Note that this supposes that rand() is of reasonable quality. Many
earlier implementations weren't, and I've seen at least one where
rand() % 6 + 1 to simulate a dice throw alternated odd and even. The
only correct solution here is to get a better implementation of
rand(); it has lead to people trying alternative solutions, such as
(range * (rand() / (RAND_MAX + 1.0))) + lowest. This masks the
problem, but it won't change a bad generator into a good one.
A second issue, if the quality of the generation is important, is
that when generating random integers, you're discretizing: if you're
simulating the throw of a die, for example, you have six possible
values, which you want to occur with equal probability. The random
generator will generate RAND_MAX + 1 different values, with equal
probability. If RAND_MAX + 1 is not a multiple of 6, there's no
possible way of distributing the values equaly amont the 6 desired
values. Imagine the simple case where RAND_MAX + 1 is 10. Using the
% method above, the values 1–4 are twice as likely as the the
values 5 and 6. If you use the more complicated formula 1 + int(6 *
(rand() / (RAND_MAX + 1.0))) (in the case where RAND_MAX + 1 == 10,
it turns out that 3 and 6 are only half as likely as the other values.
Mathematically, there's simply no way of distributing 10 different
values into 6 slots with an equal number of elements in each slot.
Of course, RAND_MAX will always be considerably larger than 10, and
the bias introduced will be considerably less; if the range is
significantly less than RAND_MAX, it could be acceptable. If it's
not, however, the usual procedure is something like:
int limit = (RAND_MAX + 1LL) - (RAND_MAX + 1LL) % range;
// 1LL will prevent overflow on most machines.
int result = rand();
while ( result >= limit ) {
result = rand();
}
return result % range + lowest;
(There are several ways of determining the values to throw out. This
happens to be the one I use, but I remember Andy Koenig using something
completely different—but which resulted in the same values being
thrown out in the end.)
Note that most of the time, you won't enter the loop; the worst case is
when range is (RAND_MAX + 1) / 2 + 1, in which case, you'll still
average just under one time through the loop.
Note that these comments only apply when you need a fixed number of
discrete results. For the (other) common case of generating a random
floating point number in the range of [0,1), rand() / (RAND_MAX +
1.0) is about as good as you're going to get.

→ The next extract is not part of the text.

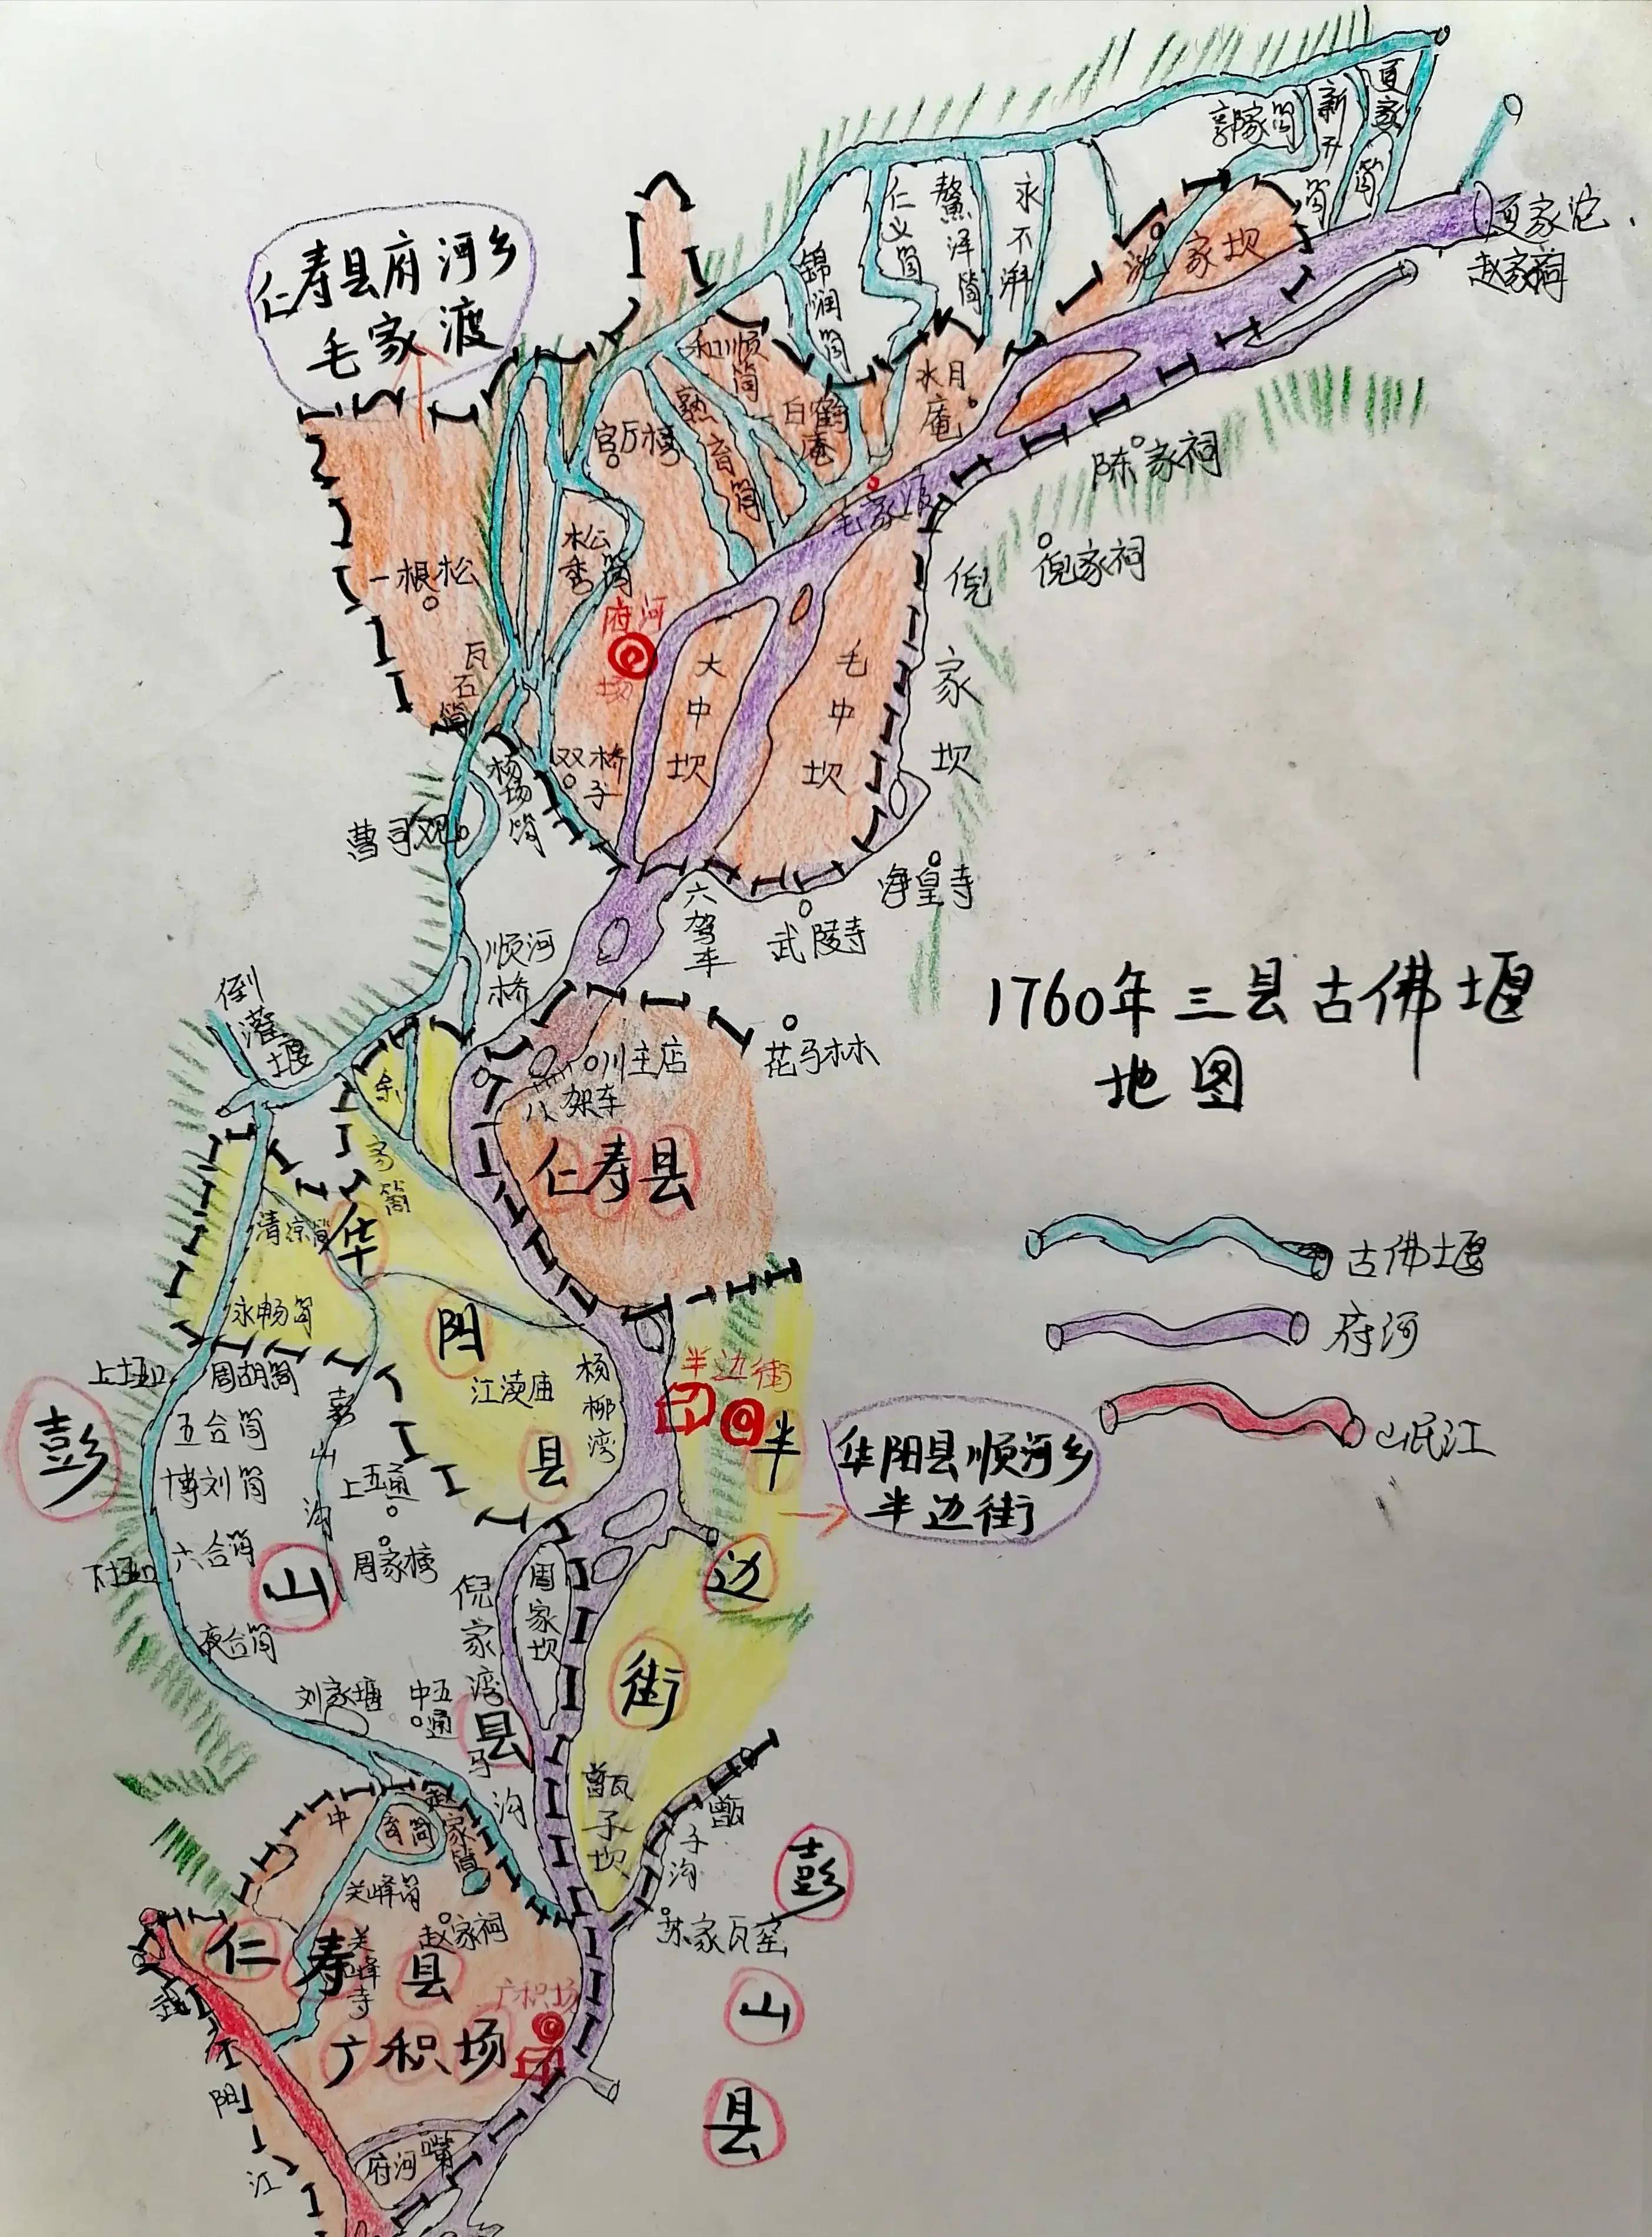 仁寿县谢安镇地图图片

Visual studio 2008 has no trouble with that program at all and happily generates a swathe of random numbers.
What I would be careful of is the /(RAND_MAX +1.0) as this will likely fall foul of integer problems and end up with a big fat zero.
Cast to double before dividing and then cast back to int afterwards

I suggest you replace rand()/(RAND_MAX + 1.0) with range*double(rand())/(RAND_MAX + 1.0)). Since my solution seems to give headaches ...
possible combinations of arguments:
range*rand() is an integer and overflows.
double(range*rand()) overflows before you convert it to double.
range*double(rand()) is not overflowing and yields expected results.
My original post had two braces but they did not change anything (results are the same).

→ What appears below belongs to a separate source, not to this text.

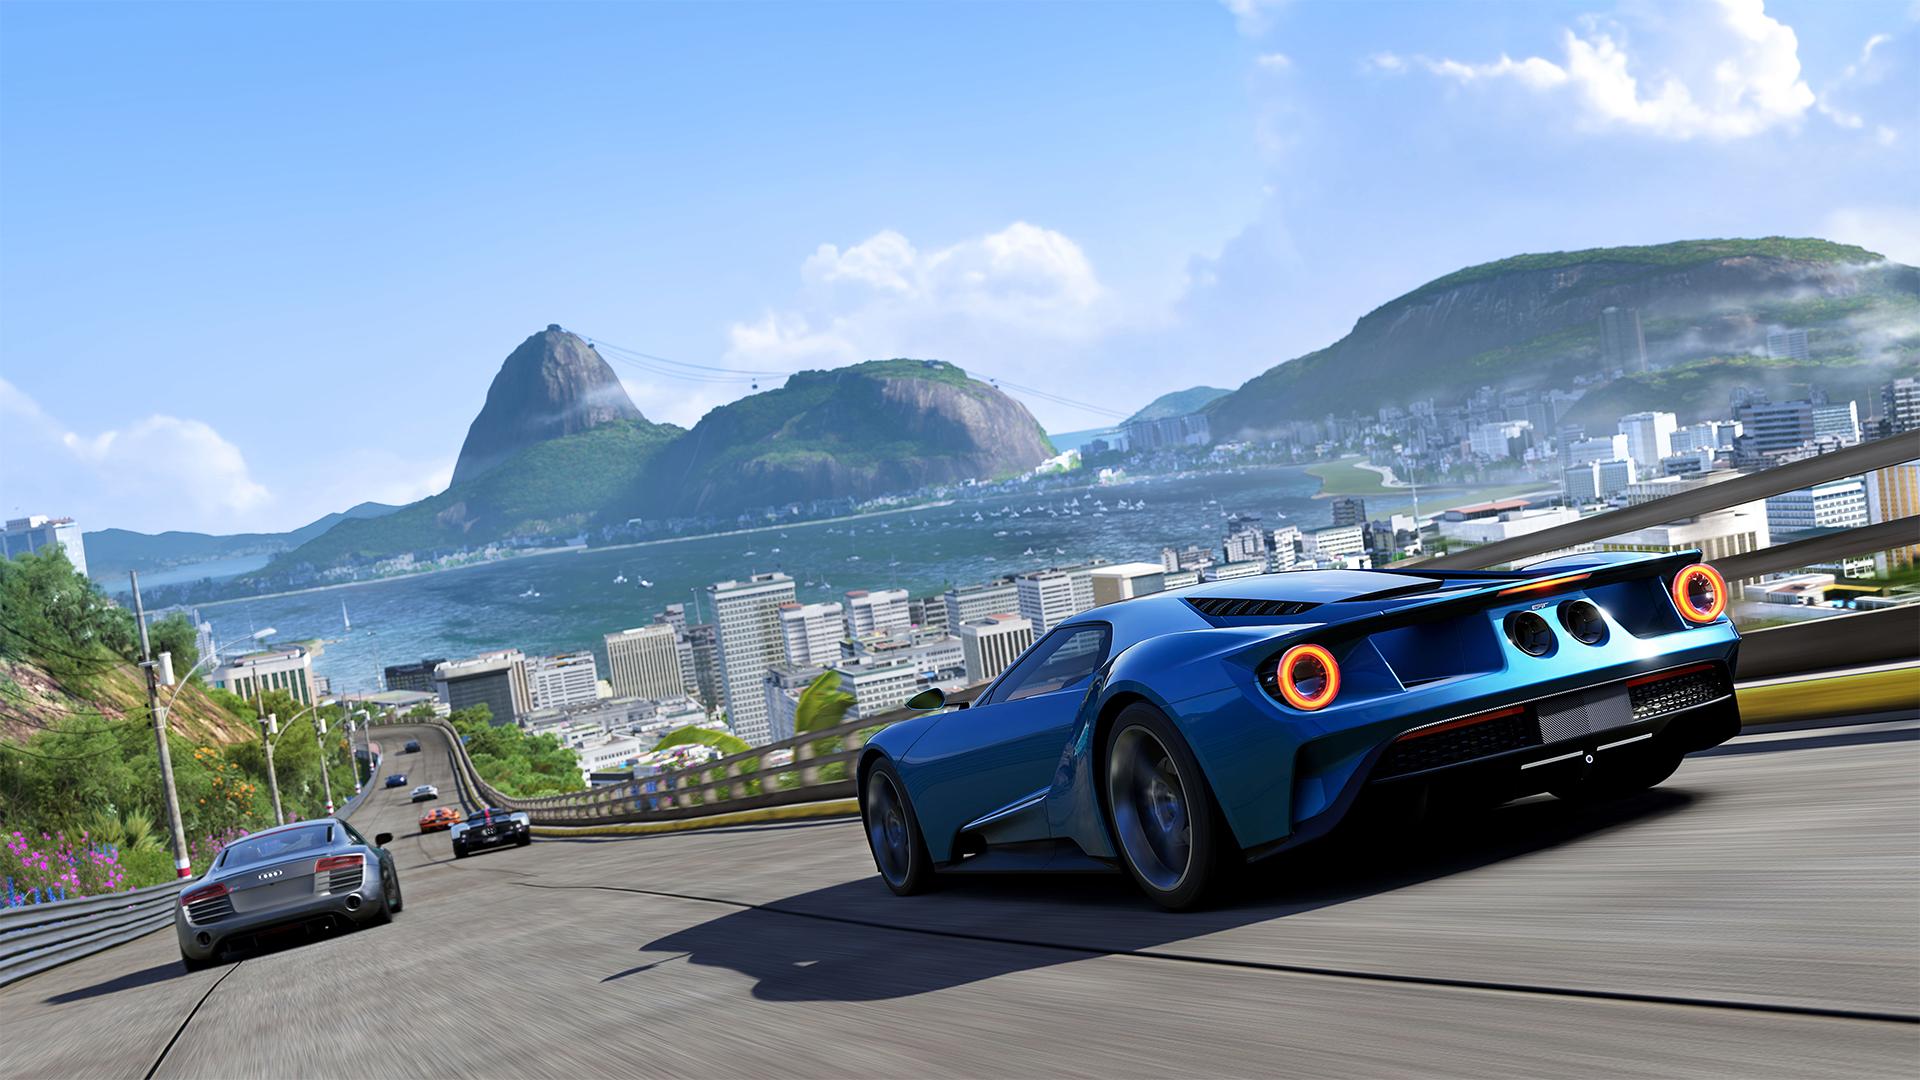 Turn 10 Studios publikuje zwiastun toru Suzuka w grze Forza Motorsport

(rand() % highest) + lowest + 1

Probably "10 * rand()" is smaller than "RAND_MAX + 1.0", so the value of your calculation is 0.

You are generating a random number (ie (range*rand()/(RAND_MAX + 1.0))) whose value is between -1 and 1 (]-1,1[) and then casting it to an integer. The integer value of such number is always 0 so you end up with the lower + 0
EDIT: added the formula to make my answer clearer

What about using a condition to check if the last number is the same as the current one? If the condition is met then generate another random number. This solution works but it will take more time though.

It is one of the simplest logics, got it from a blog. in this logic you can limit the random numbers with that given modulus(%) operator inside the for loop, its just a copy and paste from that blog, but any way check it out:
// random numbers generation in C++ using builtin functions
#include <iostream>
using namespace std;
#include <iomanip>
using std::setw;
#include <cstdlib> // contains function prototype for rand
int main()
{
// loop 20 times
for ( int counter = 1; counter <= 20; counter++ ) {
// pick random number from 1 to 6 and output it
cout << setw( 10 ) << ( 1 + rand() % 6 );
// if counter divisible by 5, begin new line of output
if ( counter % 5 == 0 )
cout << endl;
}
return 0; // indicates successful termination
} // end main
- See more at: http://www.programmingtunes.com/generation-of-random-numbers-c/#sthash.BTZoT5ot.dpuf

Related

Why is rand() giving me negative numbers?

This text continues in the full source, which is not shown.